### DATA SHOWN
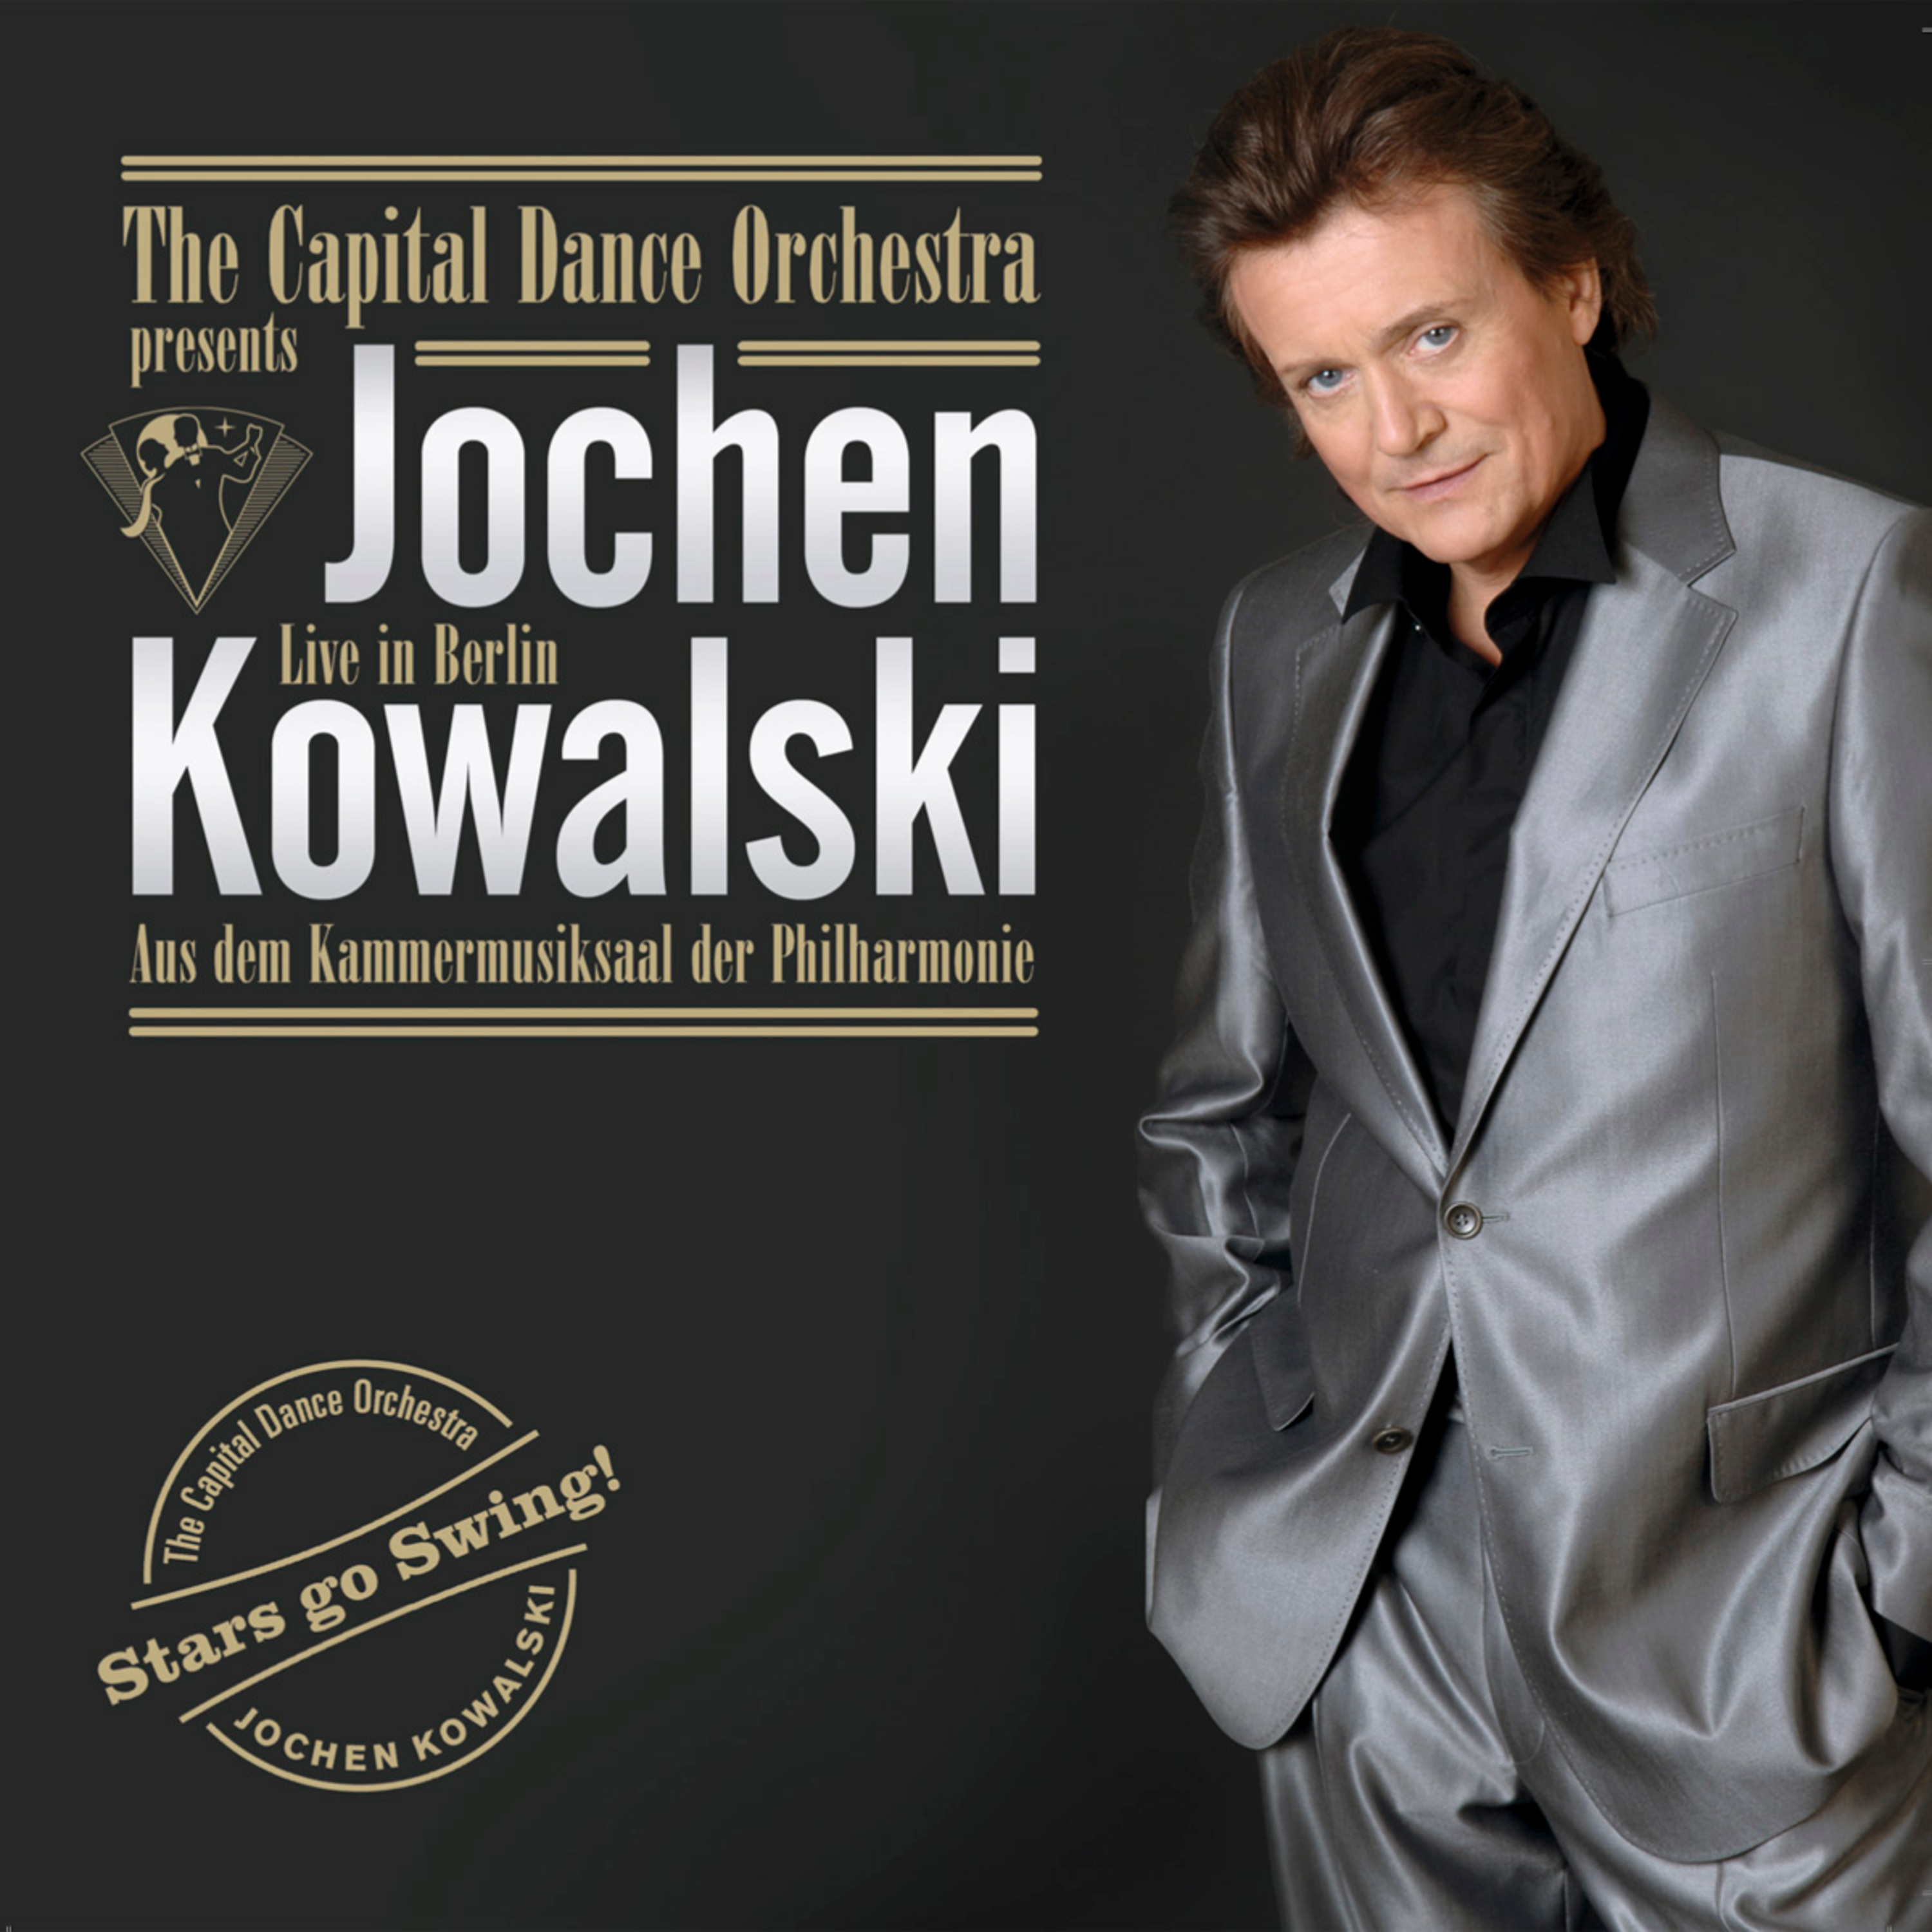 The Capital Dance Orchestra presents Jochen Kowalski
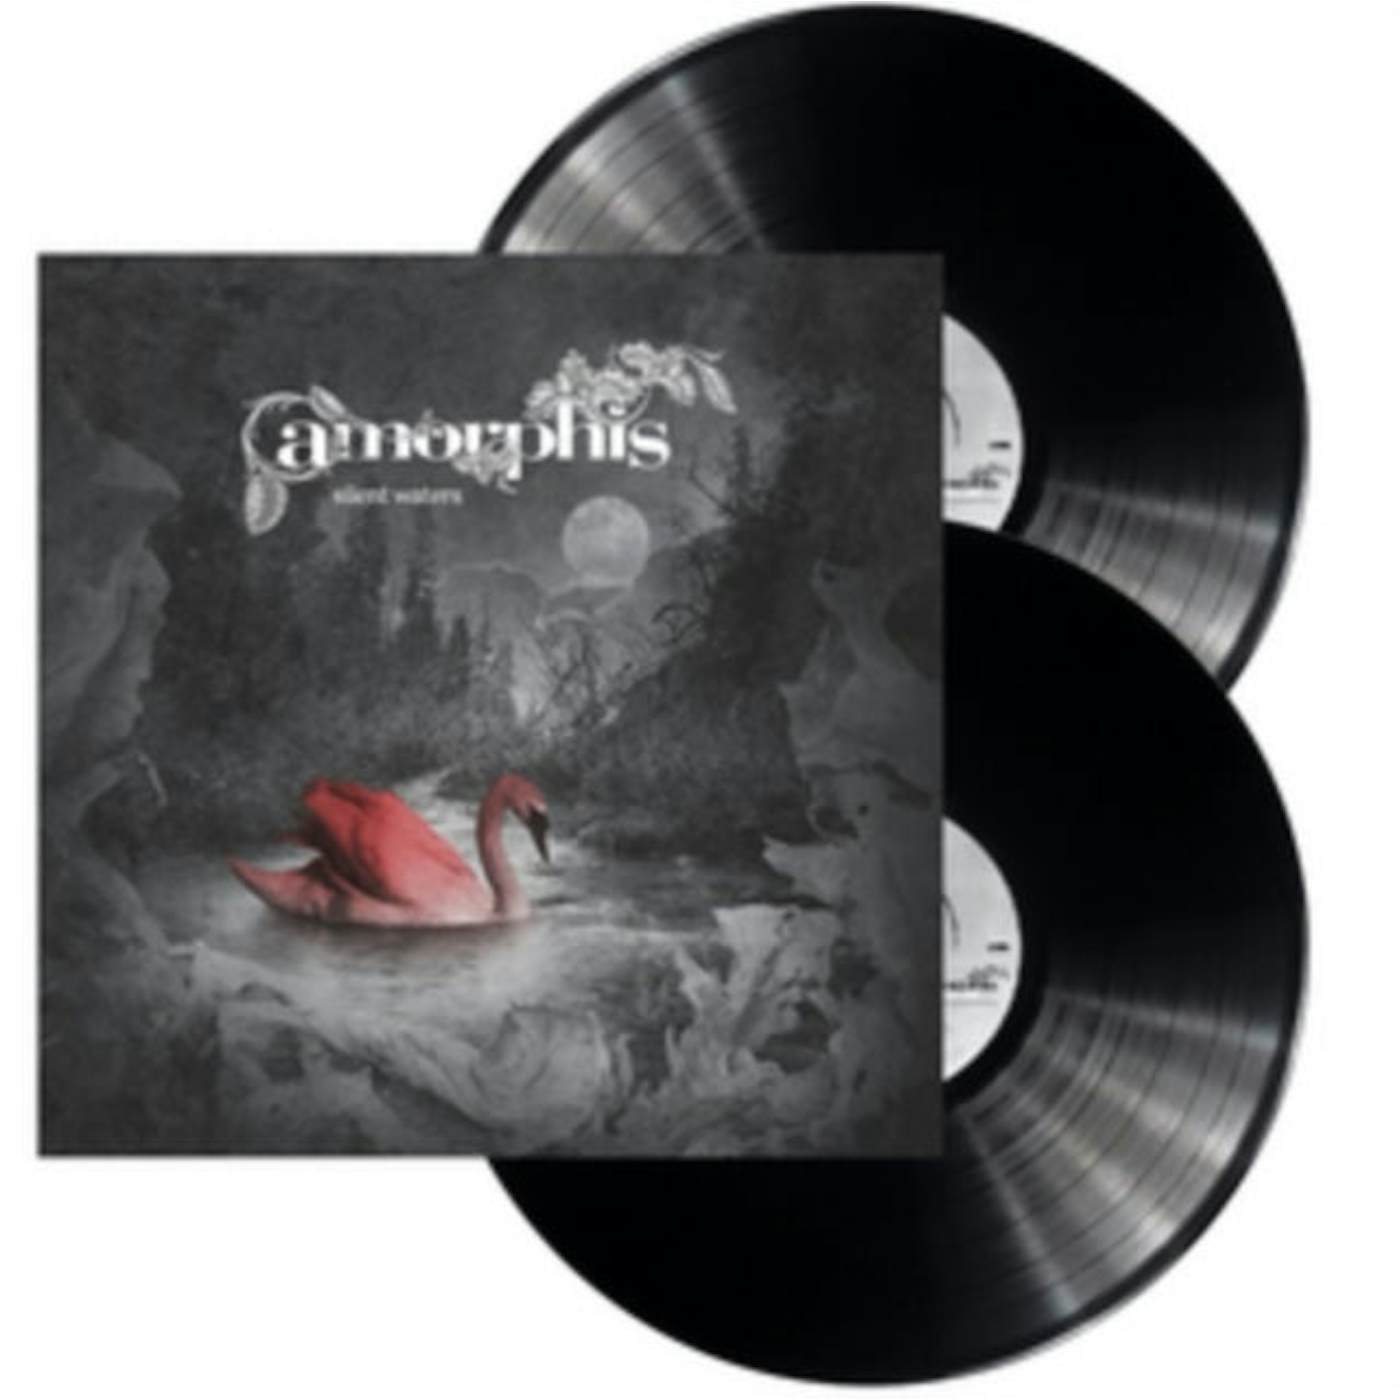 Amorphis LP Vinyl Record - Silent Waters
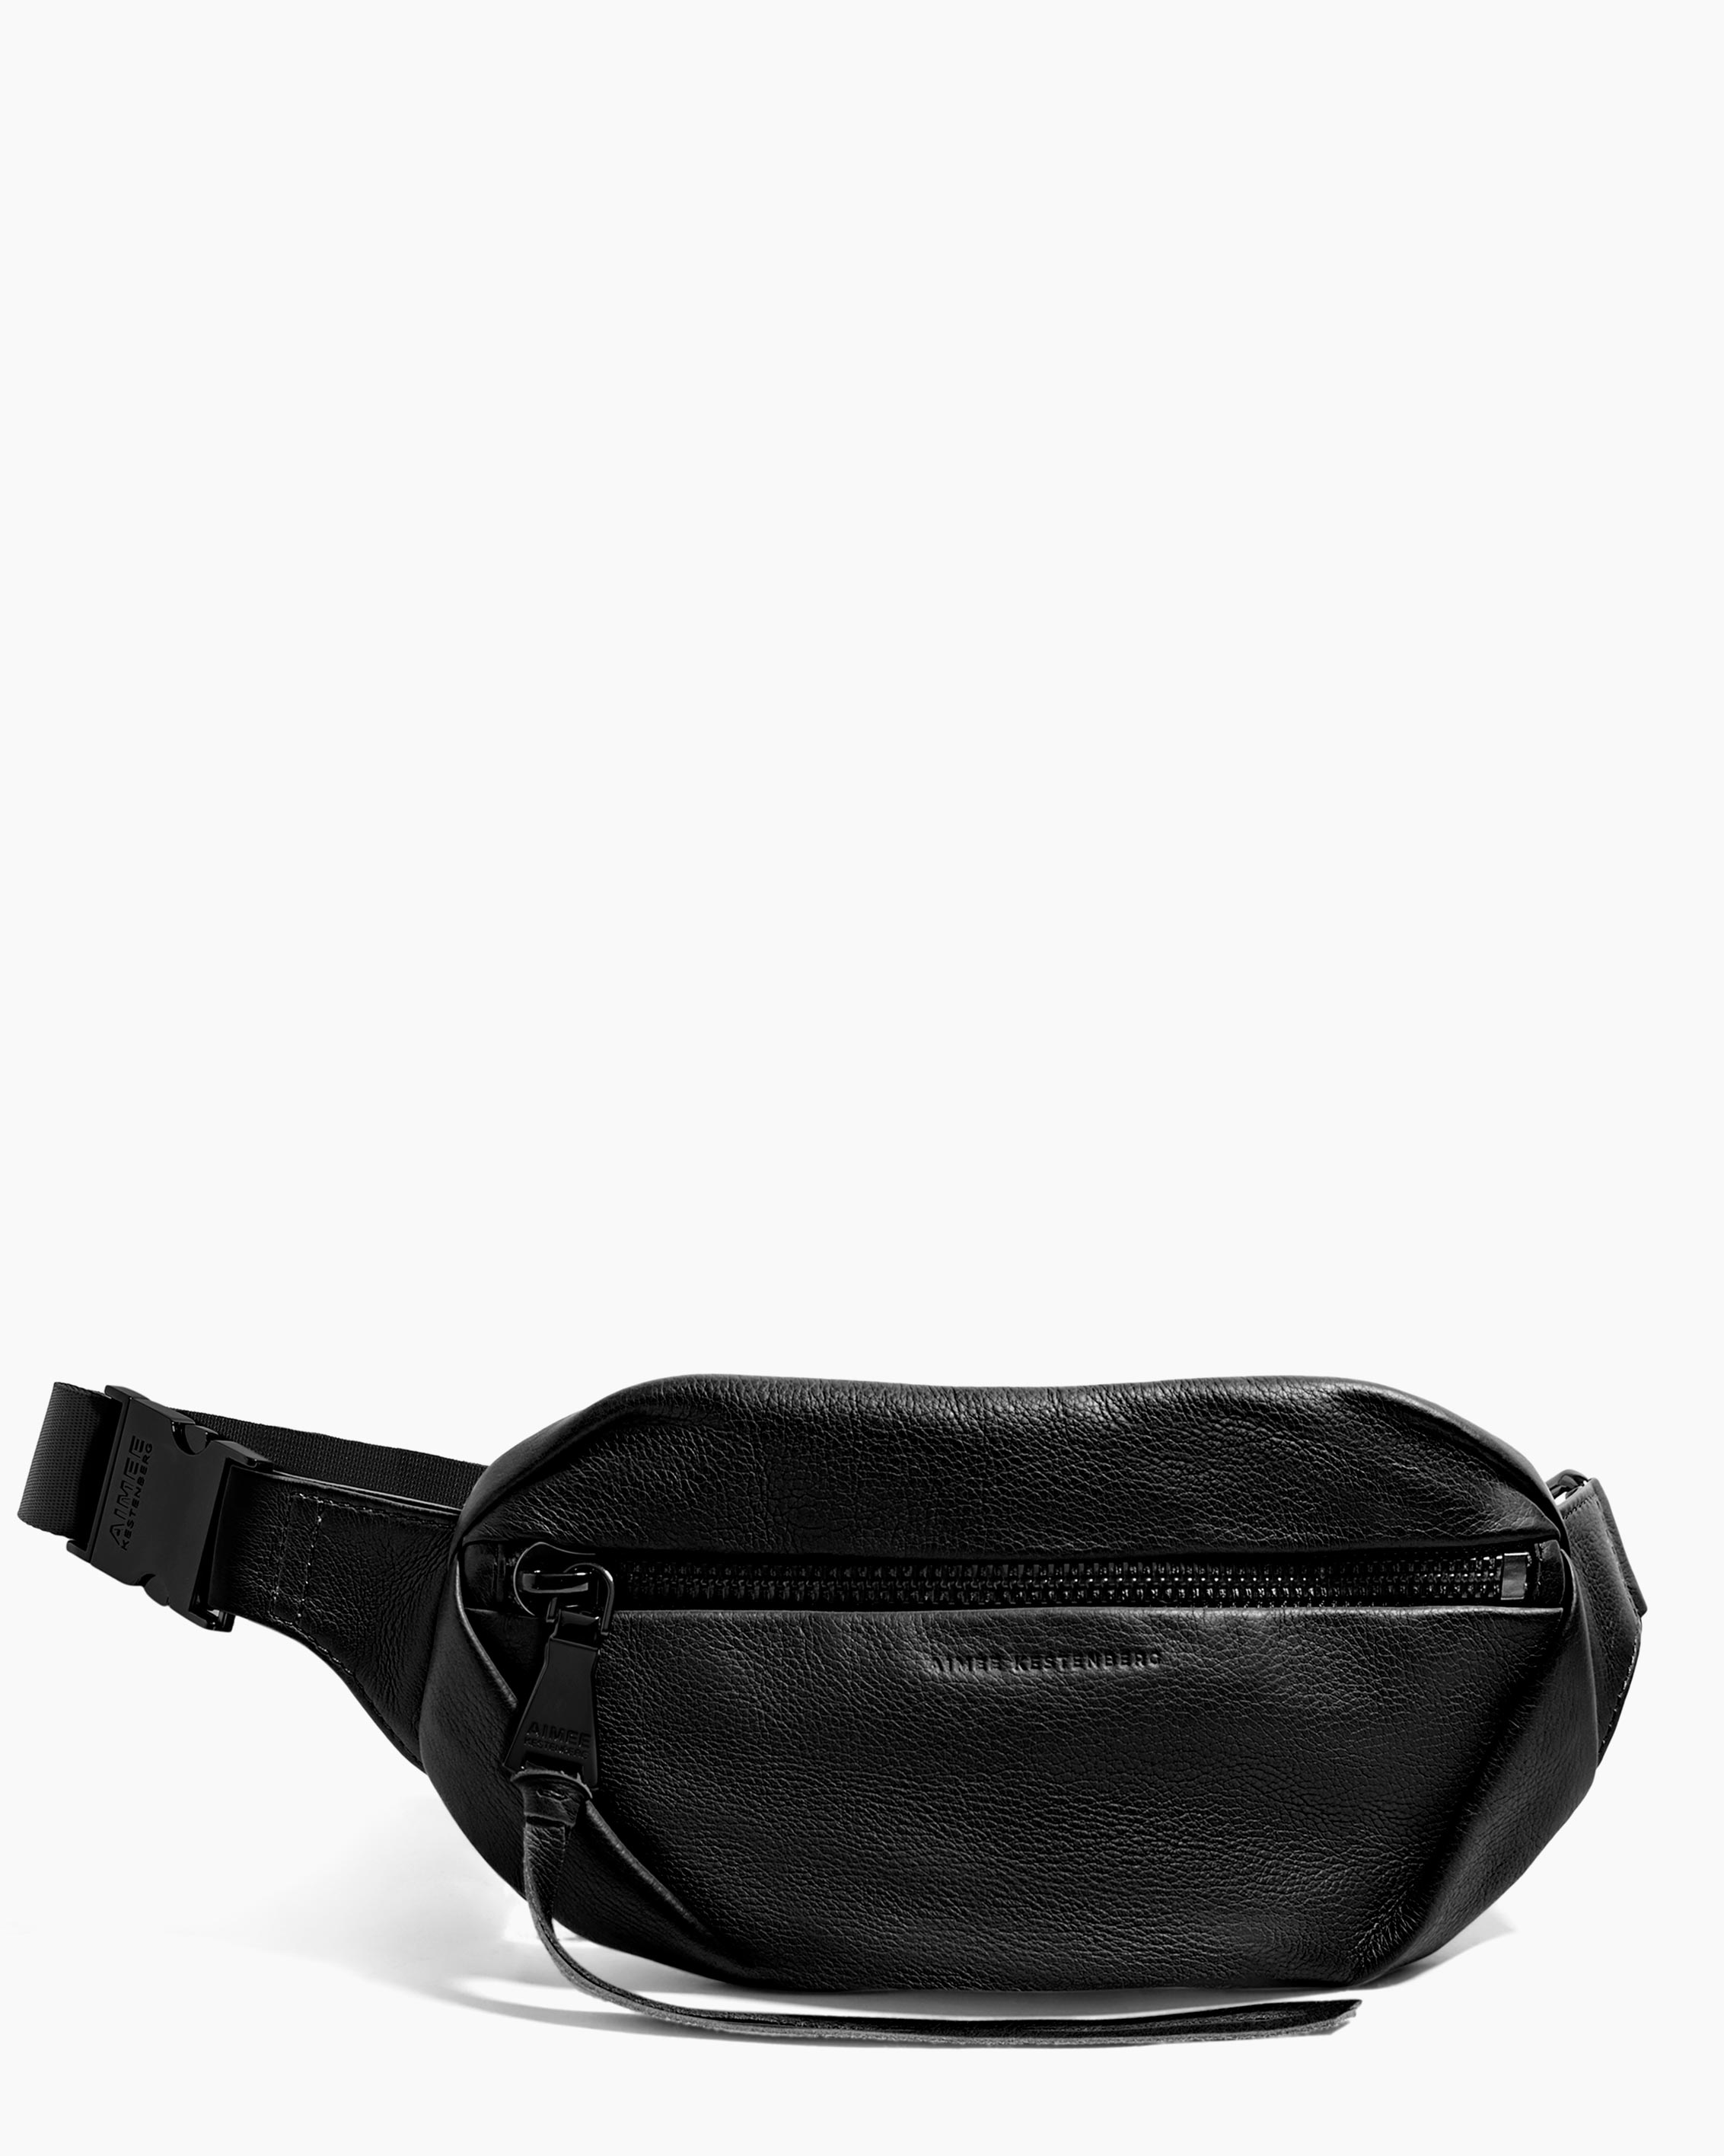 Women’s Bags & Leather Handbags | Aimee Kestenberg

### TASK REQUIREMENTS
Every line of the listing is to be retyped exactly; pictures stay out.

### ANSWER TO THE PROBLEM
 The Capital Dance Orchestra presents Jochen Kowalski
 Amorphis LP Vinyl Record - Silent Waters
 Women’s Bags & Leather Handbags | Aimee Kestenberg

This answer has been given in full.